The list of wrongs is designed to be sorted by person and is about what we’ve done to them – not what they may or may not have done to us. While it’s all too tempting to focus on what they did to provoke us, this step calls for us to own our part in the situation.
Step 9: Make Amends
If you’ve wronged someone, and there is a way to make amends to them in a way that isn’t harmful to them, step 9 calls us towards that action. The sticky part here – beyond the desire to run away and hide rather than apologize and make amends – is the bit about as long it won’t harm them.
There are also cases where it’s no longer possible. Consider someone who has died or someone you’ve lost touch with. In those cases, you can find alternative ways to relieve your burden of the wrong by writing them a letter and burning it, or whatever means you feel like is a way for you to let go. (If you’re struggling with a death take a look at On Death and Dying and Top Five Regrets of the Dying.)
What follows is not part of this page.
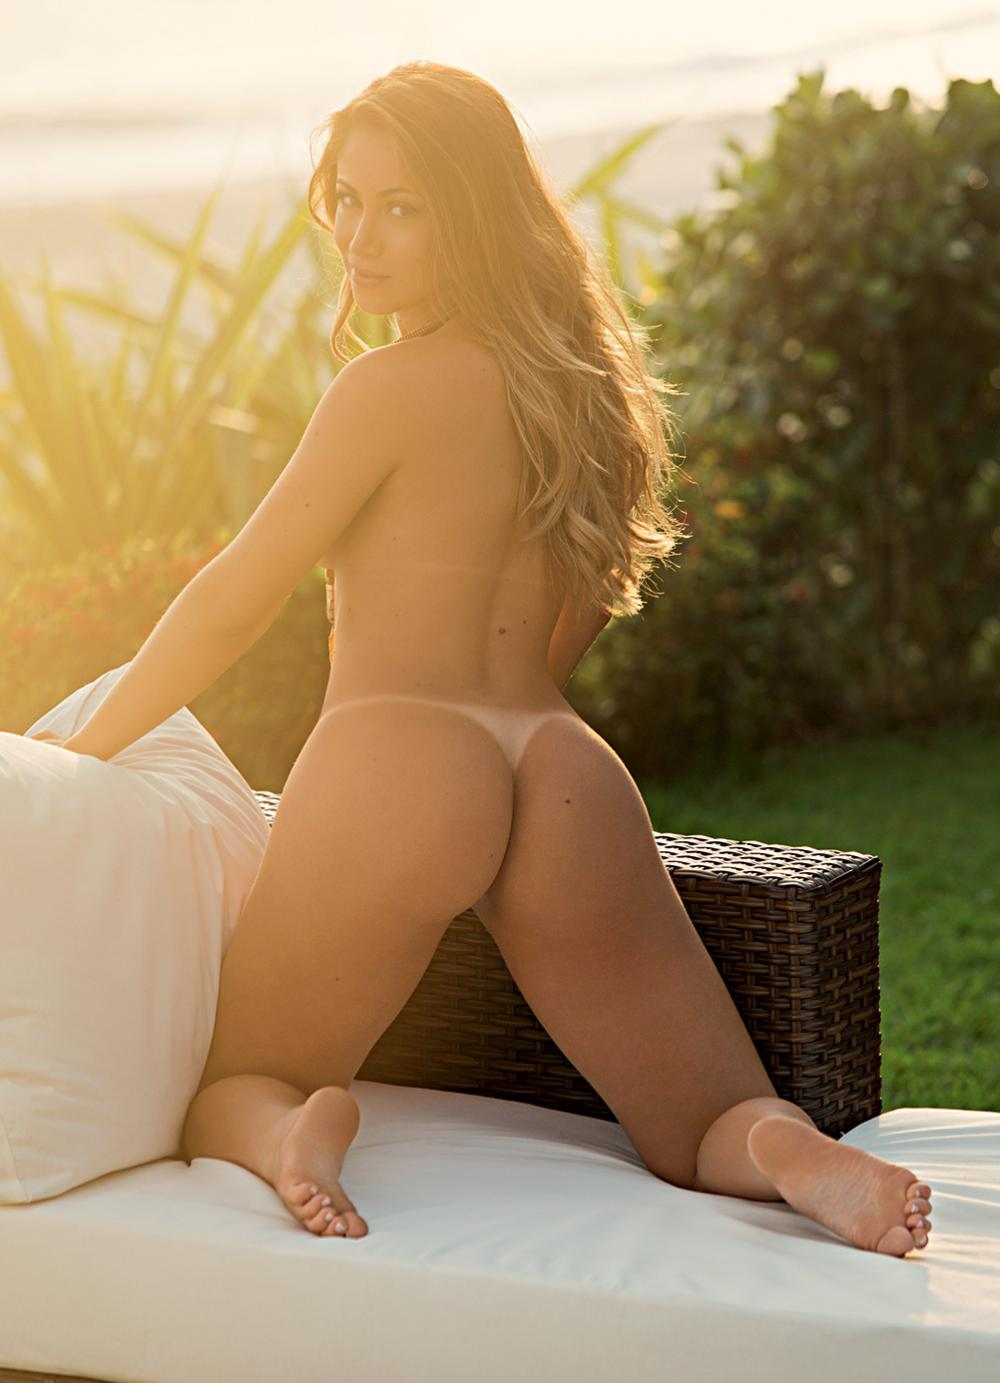 nudes (74 photo), Cleavage Celebrity photos
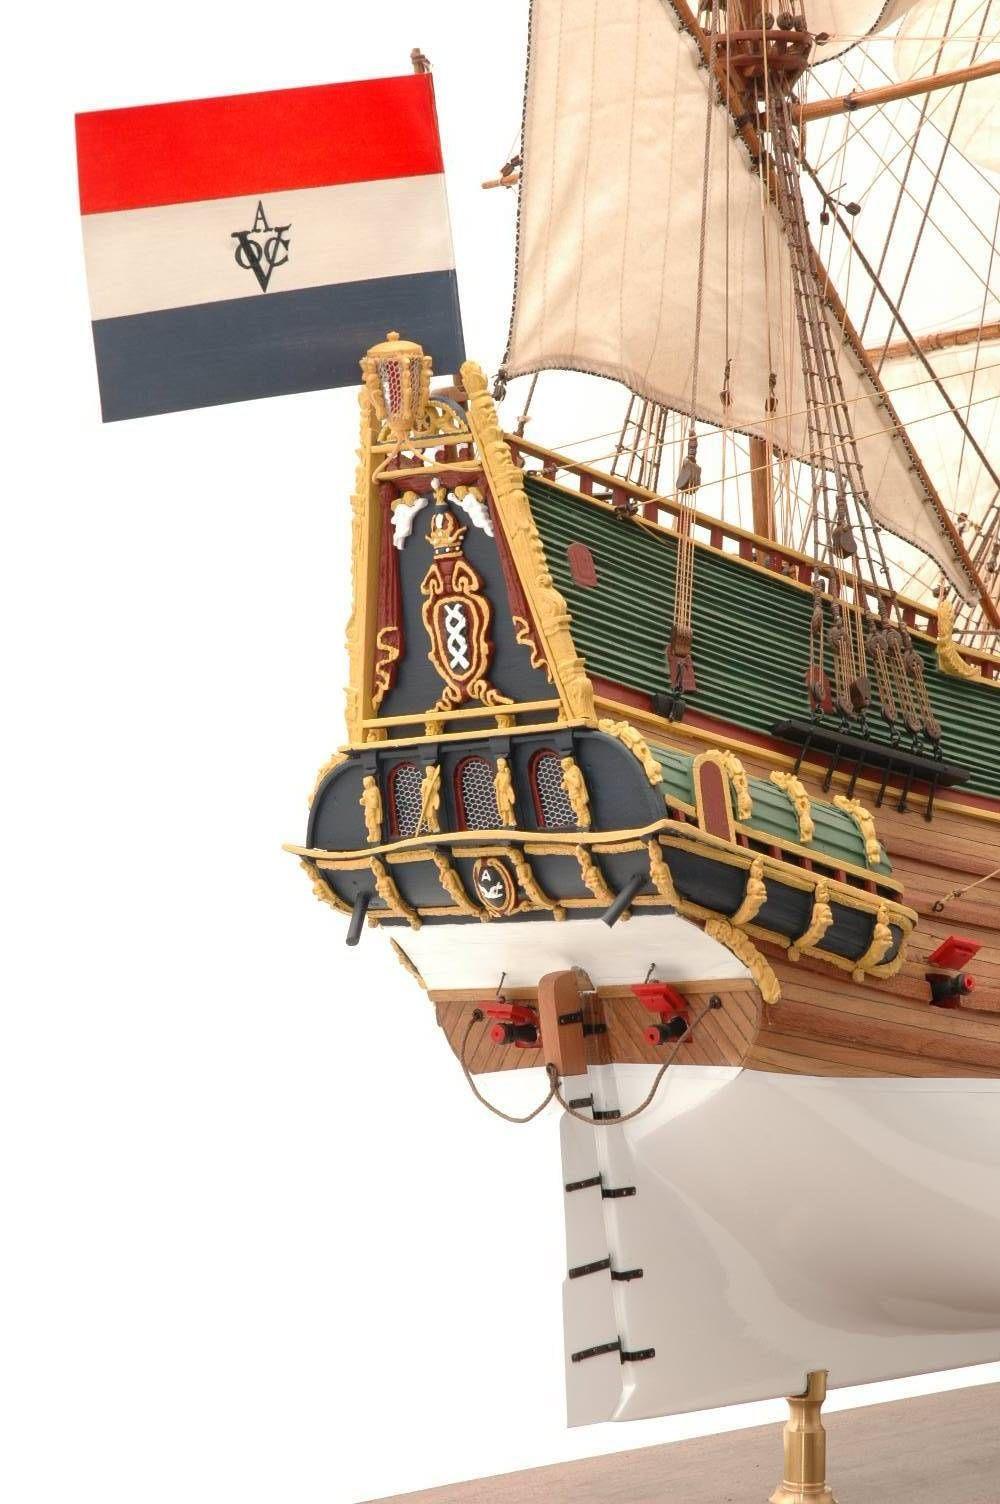 228-6951-Batavia-model-ship-Premier-Range

For those whom making an amends would cause harm, you can use the same strategy. You can relieve yourself of the burden for now – and if the time ever comes that you need to address it because the circumstances have changed, you’ll be well prepared.
Step 10: Daily Inventory
Once you’ve gotten thus far, you’ve relieved yourself of the poison that you’ve built up, and now it’s important to create a pattern of living that doesn’t allow the poison to build. There will still be relapses and bad days, but the point of the final three steps – particularly step 10 – is to ensure that these incidents don’t create a change in direction in your life.
The idea is that every day you evaluate your day in the context of the wrongs you’ve done, the character defects that have revealed themselves, and the people to whom you need to make amends. By practicing this daily, there is no need for the massive efforts that took place in steps 4, 6, and 8.
Step 11: Conscious Contact
Whether you call it being centered, connected with nature, a commune with God, or anything else, there’s something to being a part of instead of apart from. Steps 1, 2, and 3 led you to getting connected to a higher power – whatever that is. Step 11 reminds you to stay connected.
Step 12: Take it To the Masses
Step 12 is the give-back step. It’s about helping others who were in the same spot as you to find their way back into connection with others. In the context of Brand’s story, it might be writing a book on Recovery. For others, it may be as simple as offering to help people when they’re struggling with addiction.